다른말로, $a$ 근방에 $a$와는 다른 $x \in X$가 항상 존재하면 $a$를 $X$의 accumulation point라고 부른다. 이때 upper and lower bound와 같이 $a$는 $X$에 속할 필요는 없다.
Limits of Real-Valued Functions
Definition 30.2. Let \( f \) be a function from \( X \subset \mathbb{R} \) into \( \mathbb{R} \), and let \( a \) be an accumulation point of \( X \). We say that the limit of \( f(x) \) as \( x \) approaches \( a \) is \( L \) and write \[ \lim_{x \to a} f(x) = L \] if for every \( \varepsilon > 0 \), there exists \( \delta > 0 \) such that if \( 0 < |x - a| < \delta \) and \( x \in X \), then \( |f(x) - L| < \varepsilon \).

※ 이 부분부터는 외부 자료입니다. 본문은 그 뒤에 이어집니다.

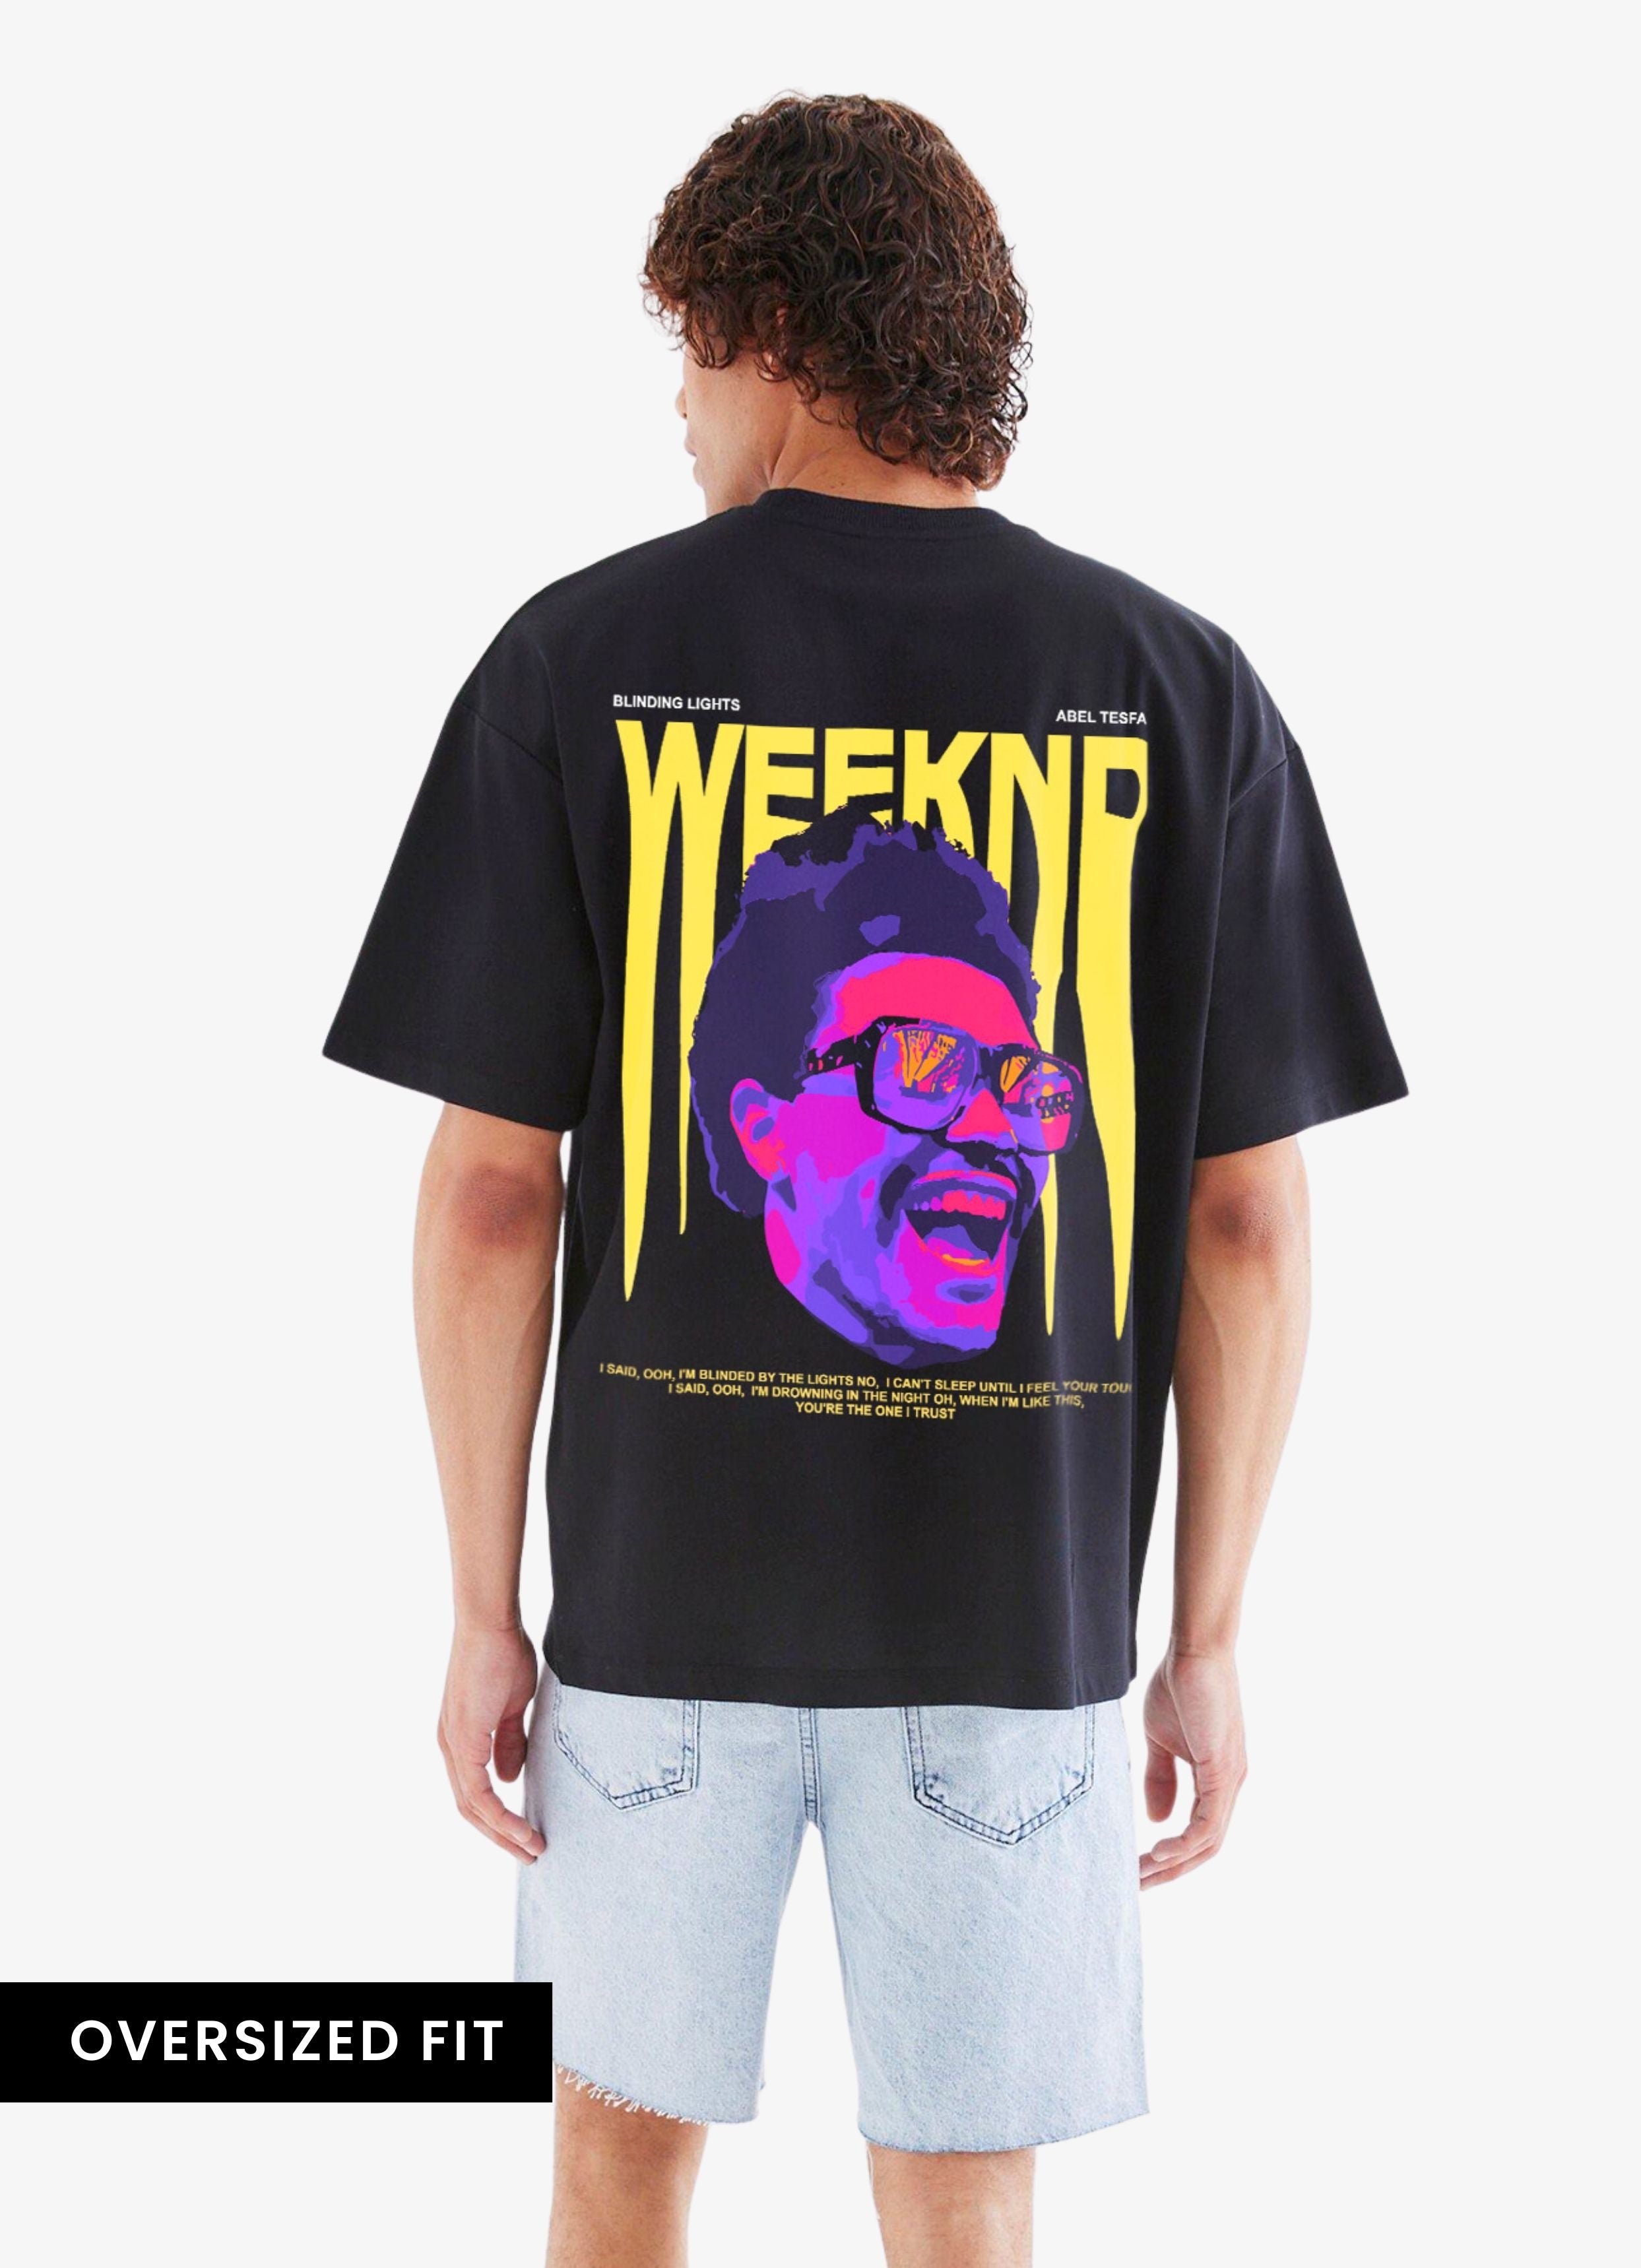 The Weeknd Back Oversized Tshirt

수열의 극한과 유사하게, 함수 $f(x)$가 $x \to a$일 때 극한값은 유일함이 보장된다.
Theorem 31.2
Theorem 31.2. Let \( f \colon X \to \mathbb{R} \), \( X \subset \mathbb{R} \) and suppose \( a \) is an accumulation point of \( X \). Then \( \lim_{x \to a} f(x) = L \) if and only if for every sequence \( \{ a_n \} \) in \( X \) such that \( \lim_{n \to \infty} a_n = a \) and \( a_n \ne a \) for every positive integer \( n \), we have \( \lim_{n \to \infty} f(a_n) = L \).
Proof. ($\Longrightarrow$) Suppose that $\lim_{x \to a} f(x) = L$. Then $\forall \varepsilon > 0, \exists \delta > 0$ such that $0 < |x - a| < \delta \Longrightarrow |f(x) - L| < \varepsilon$. Let $\{ a_n \}$ be a sequence such that $\lim_{n \to \infty} a_n = a$. Then $\exists N$ such that $0 < |a_n - a| < \delta, \forall n \geq N$. Thus we have that for $n \geq N$, $0 < |a_n - a| < \delta \Longrightarrow |f(a_n) - L| < \varepsilon$. This means that $\lim_{x \to a} f(x) = L$.

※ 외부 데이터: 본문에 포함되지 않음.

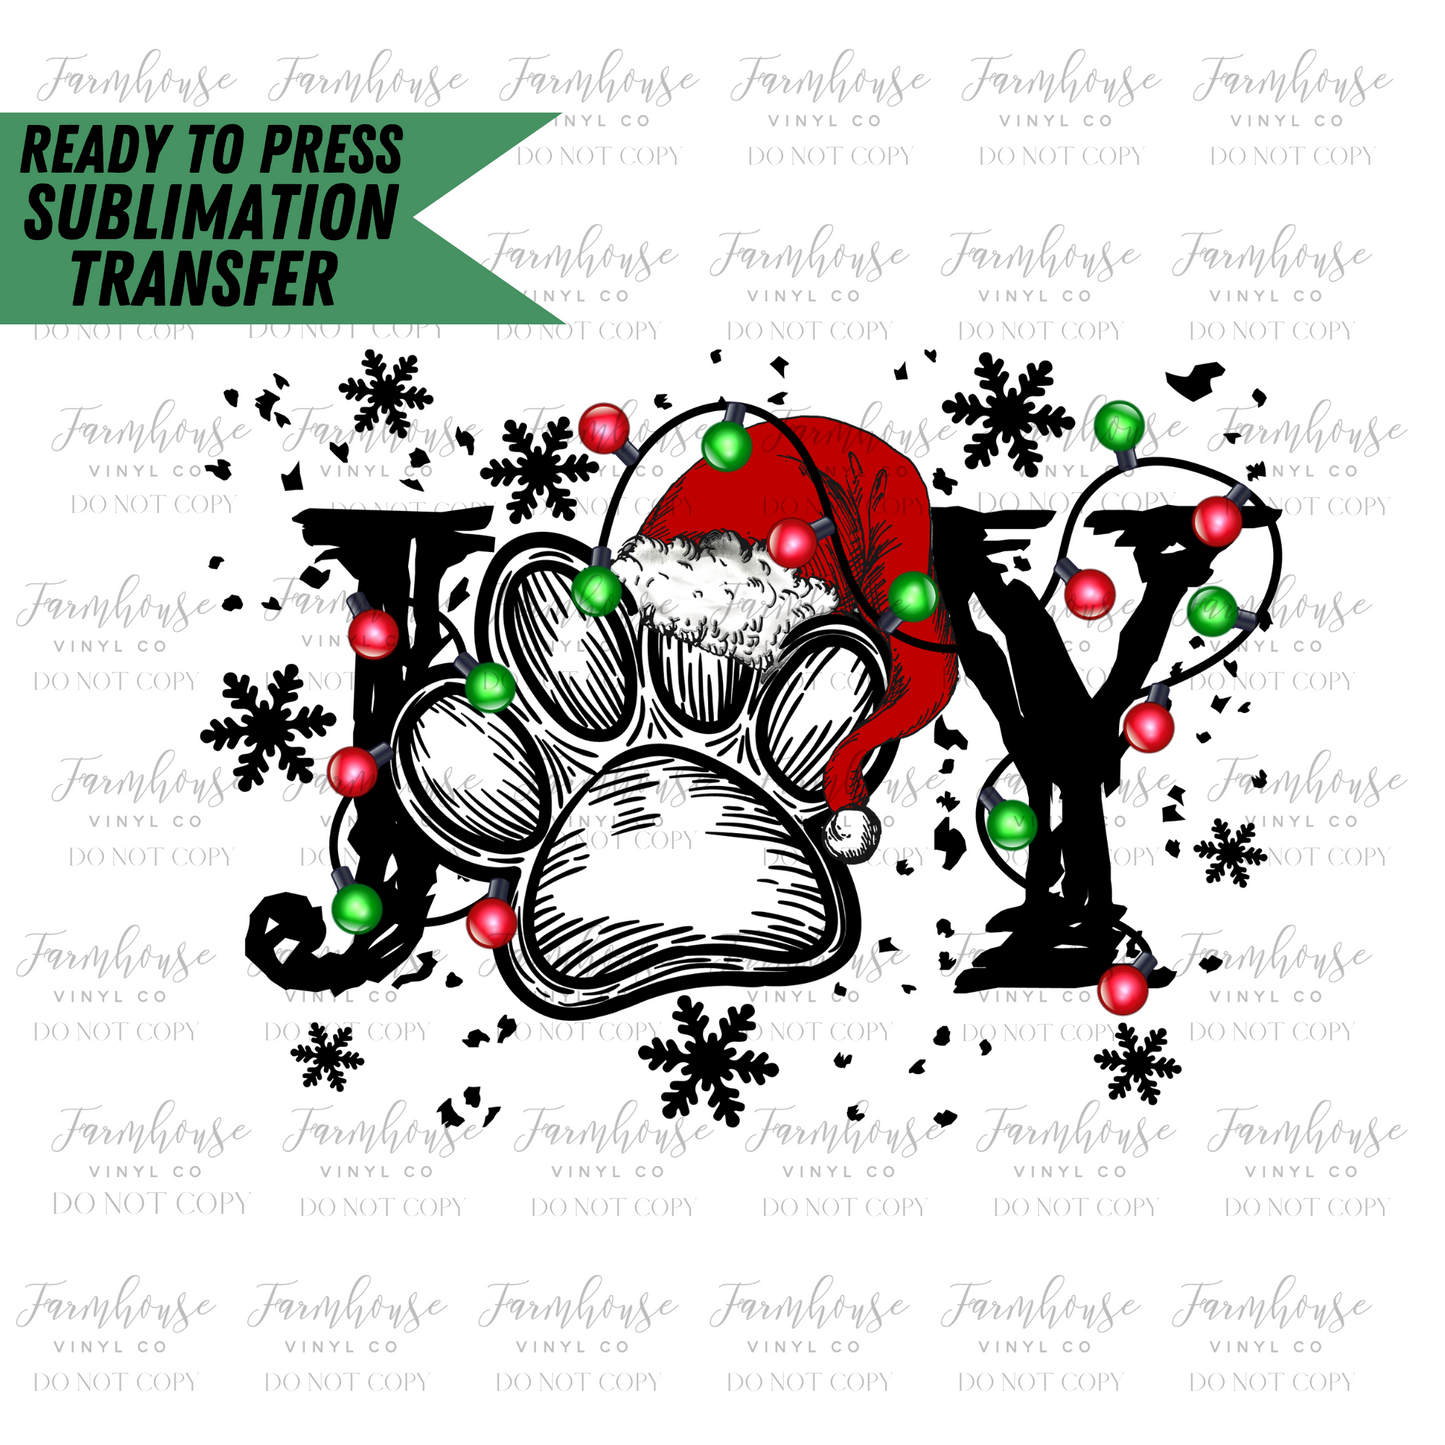 Joy Christmas Paw Prints Ready To Press Sublimation Transfer - Farmhouse Vinyl Co

($\Longleftarrow$) Suppose that $\lim_{n \to \infty} f(a_n) = L$ for every sequence $\{ a_n \}$ such that $\lim_{n \to \infty} a_n = a$ and $a_n \neq a, \forall n \in \mathbb{P}$. Assume that $\lim_{x \to a} f(x) \neq L$. Then $\exists \varepsilon > 0$ such that $\forall \delta > 0, \exists x \in X$ with $0 < |x - a| < \delta$ such that $|f(x) - L| \geq \varepsilon$.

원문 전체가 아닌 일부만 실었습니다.